A systematic review conducted by Burgess et al. reported that respiratory therapy with the Buteyko method could improve the quality of life of people with asthma, and reduce the need for 2-agonists such as salbutamol. However, Burgess et al. also reported that the Buteyko method did not improve lung function as measured by peak expiratory flow rate, forced vital capacity, or forced expiratory volume in 1s (FEV1).

The benefits of using the Buteyko technique are still controversial. Considering that studies that report hyperventilation and hypocapnia are not the basis for asthma. Also, there was no evidence of changes in carbon dioxide levels with Buteyko therapy.

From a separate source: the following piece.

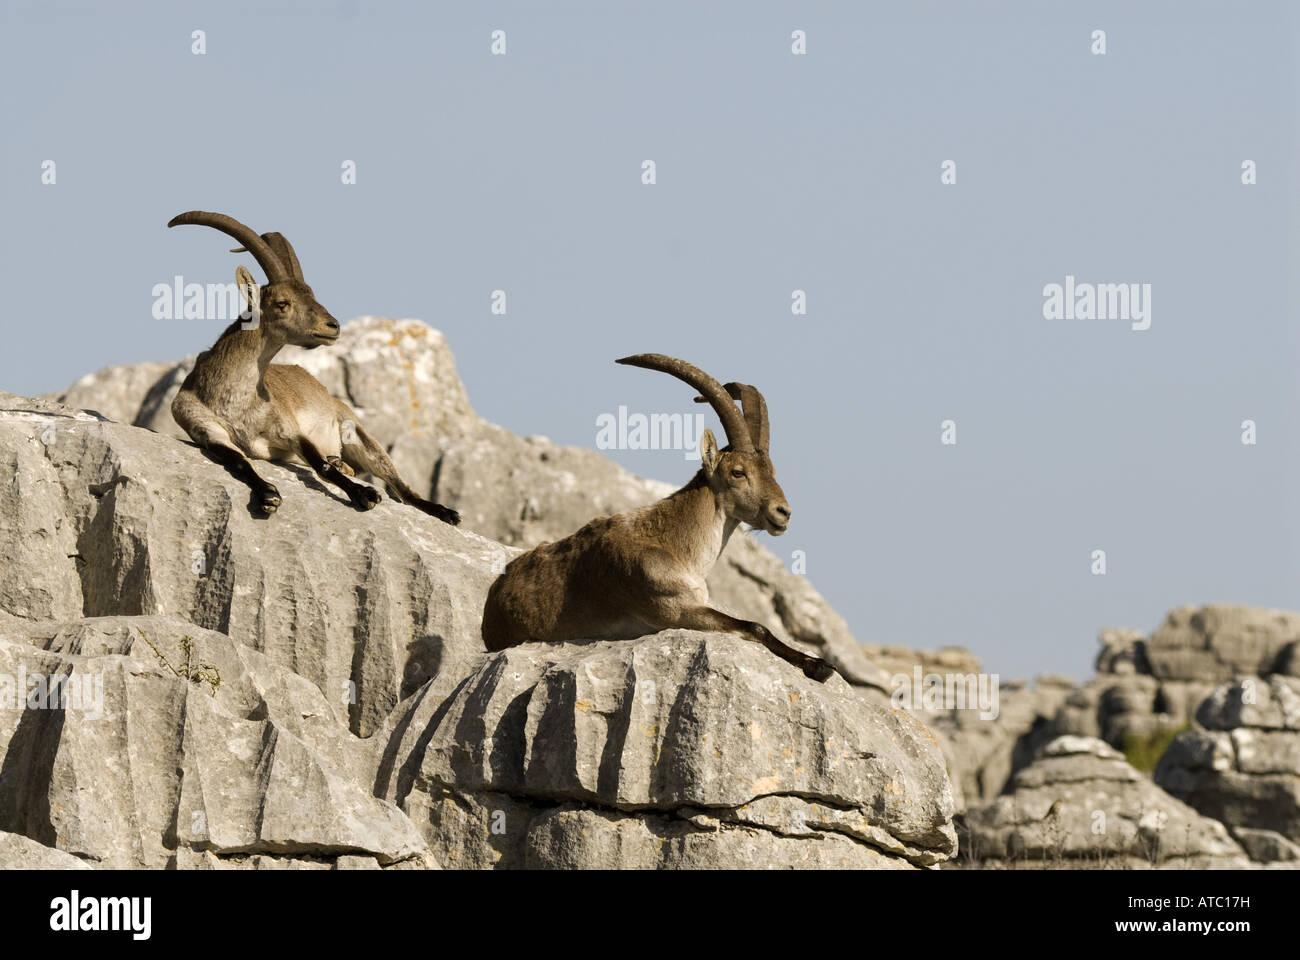 Rocks In Spanish Part - 18: Iberian Ibex, Spanish Ibex (Capra Pyrenaica), Two Individuals Resting On Rocks  In The Sun, Spain, Andalusia, Naturschutzgebiet
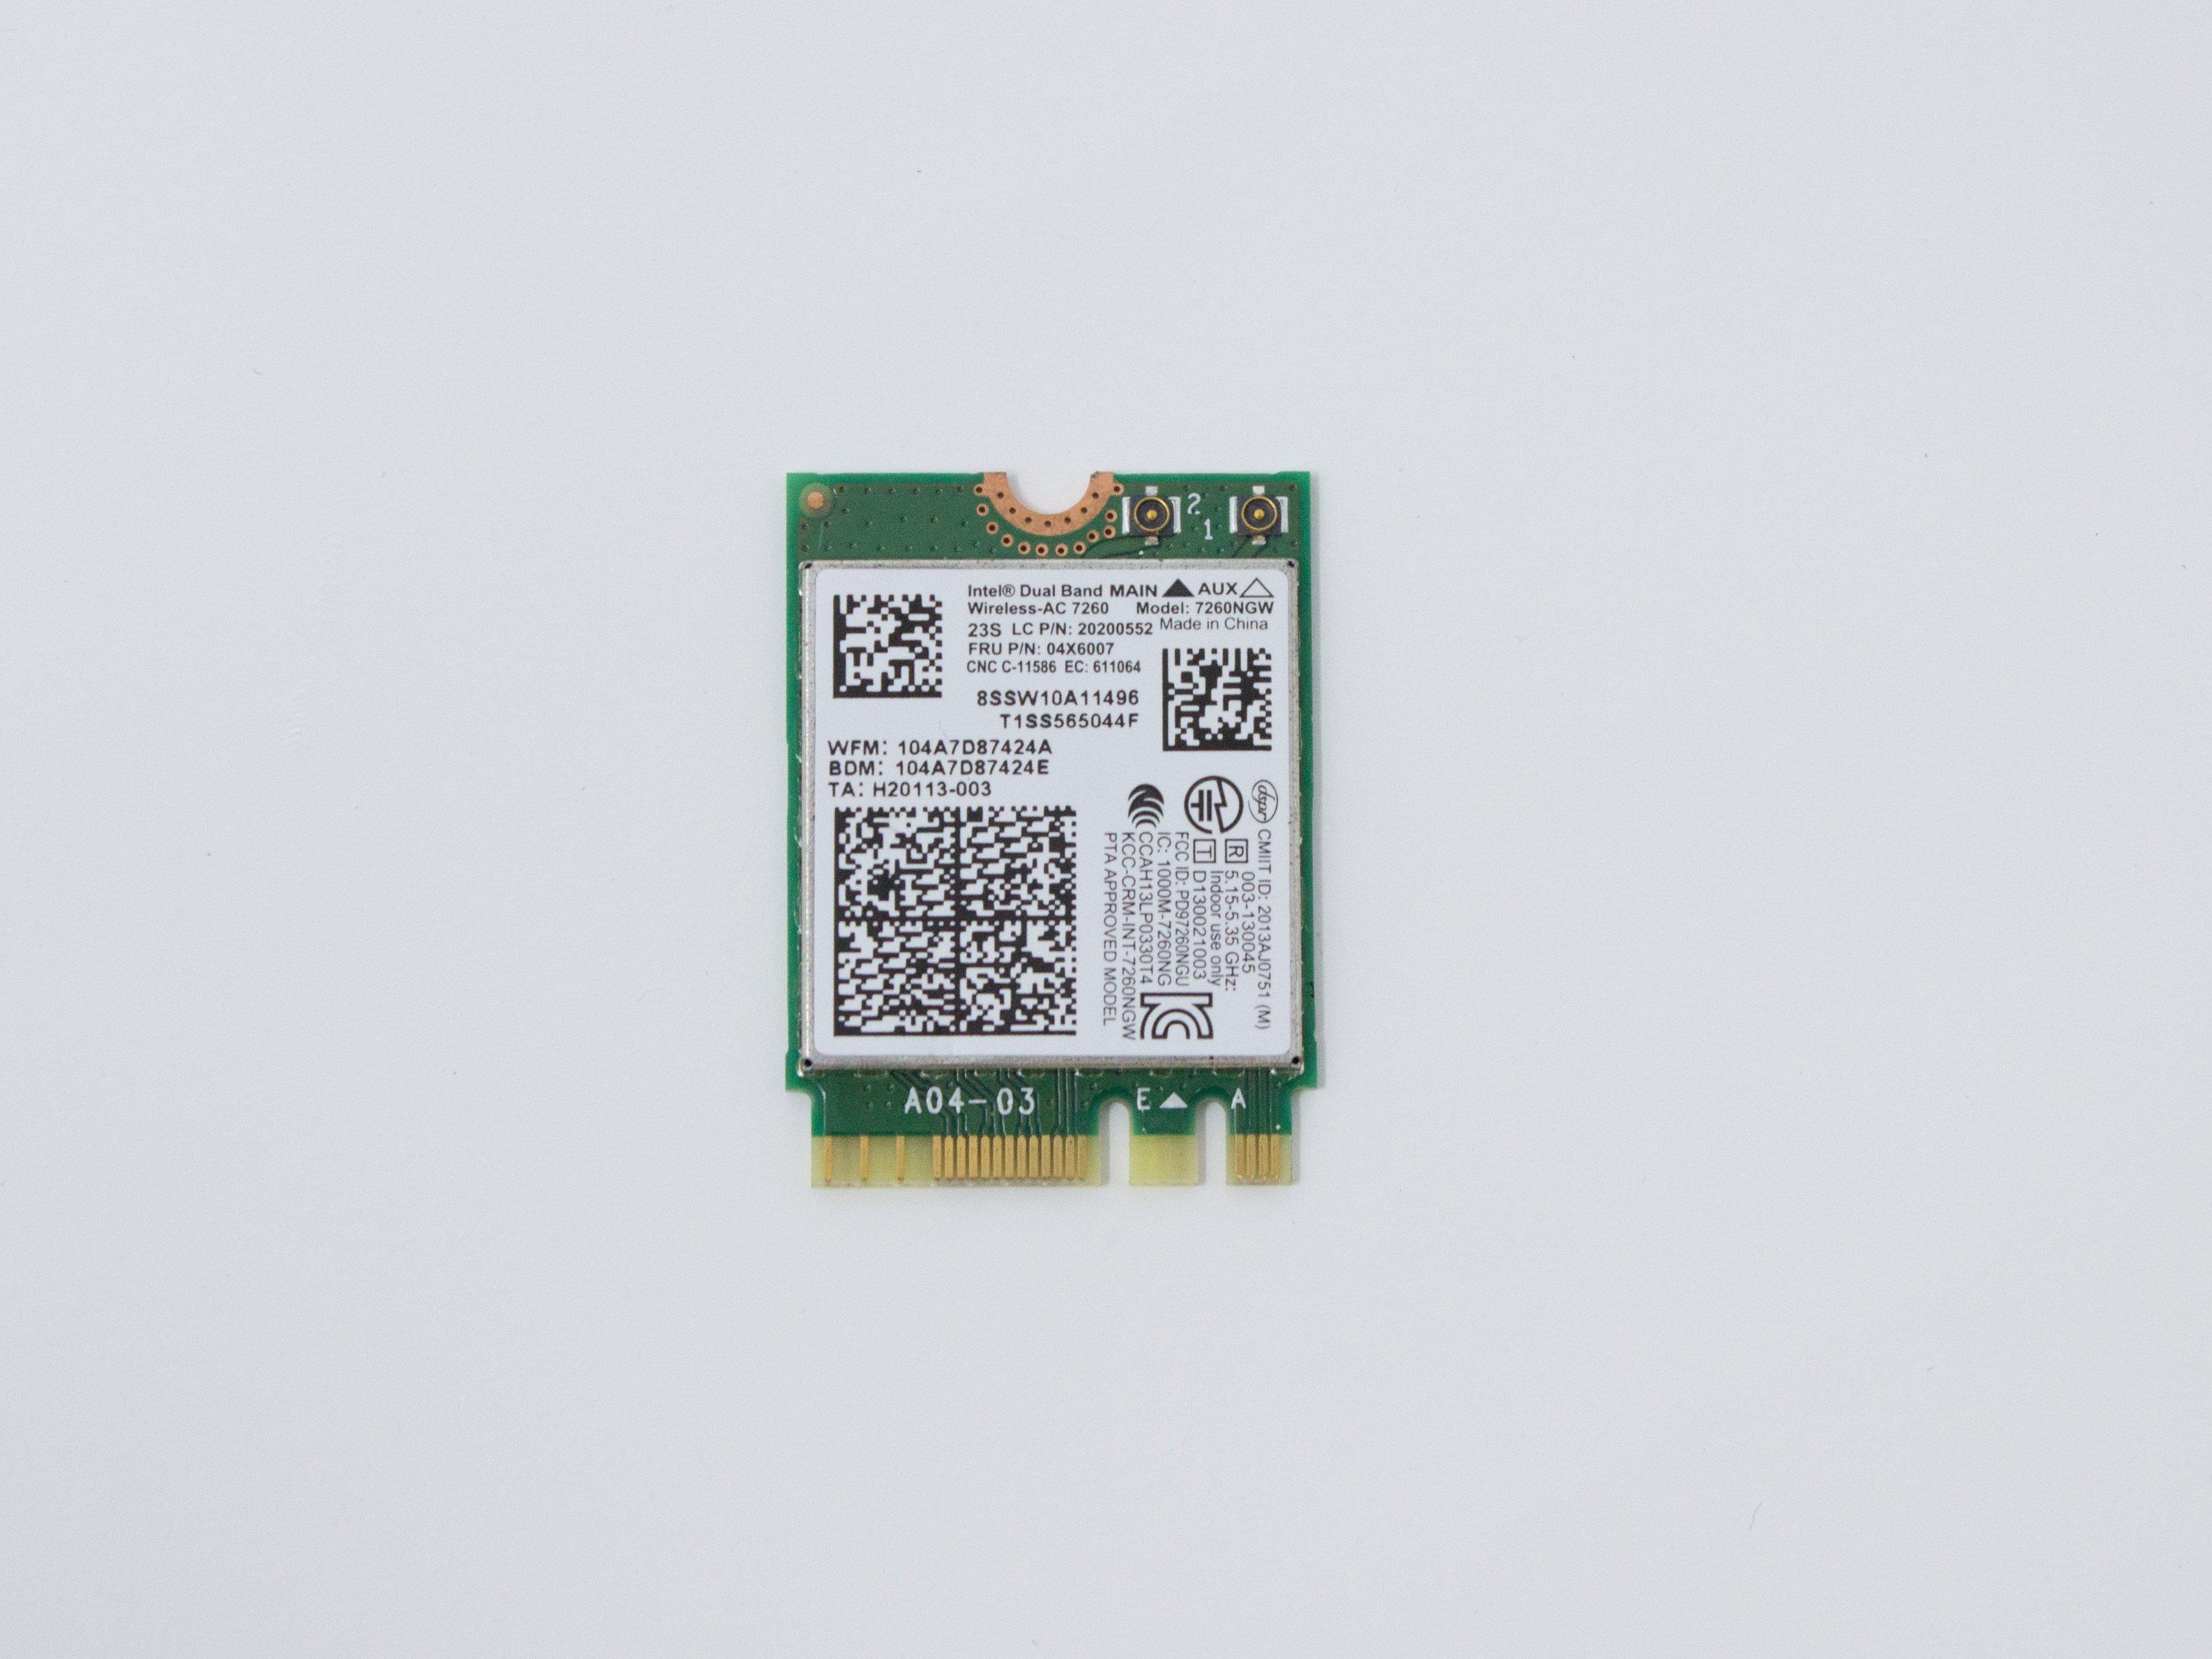 Lenovo N20p Chromebook WLAN & Bluetooth Replacement

Recent Review Results Regarding the Efficacy of Breathing Exercises Therapy in Asthma

In March 2020, Santino et al. published a systematic review of respiratory therapy's efficacy in asthma in the Cochrane Database of Systematic Reviews. This review is an update from a previous review published in 2013.

In this systematic review, nine new studies were included (a total of 1910 participants), bringing the total analyzed studies to 22 studies with a total sample of 2880 people. Of the total, 14 studies used yoga breathing therapy, four studies used breathing retraining, 1 study used the Buteyko method, 1 study used the Buteyko and Pranayama methods, 1 used the Papworth method, and 1 used the diaphragmatic breathing method.

The analysis showed that respiratory therapy improved the patient's quality of life three months after starting therapy. Respiratory therapy has not been found to help reduce asthma symptoms. However, it was found to reduce hyperventilation symptoms 4-6 months after beginning treatment. FEV1 was found to be increased in the group of patients undergoing breathing exercises. It should be noted that the quality of scientific evidence reviewed ranged from low to moderate. Studies with larger samples and better methodology are still needed before conclusions can be drawn.



Conclusion
Many previous studies have indicated the benefits of breathing therapy in the management of asthma. Respiratory therapy can be performed using a variety of methods, such as yoga and the Buteyko method.

Although scientific evidence regarding the efficacy of respiratory therapy is still limited, currently available scientific evidence suggests the potential of respiratory therapy as an adjuvant in mild-moderate asthma therapy. Respiratory therapy is reported to improve the patient's quality of life, reduce hyperventilation symptoms, and increase the value of forced expiratory volume in 1s (FEV1) on spirometry. It should be noted that studies with larger sample sizes and better methodology are still needed before more definitive conclusions can be drawn.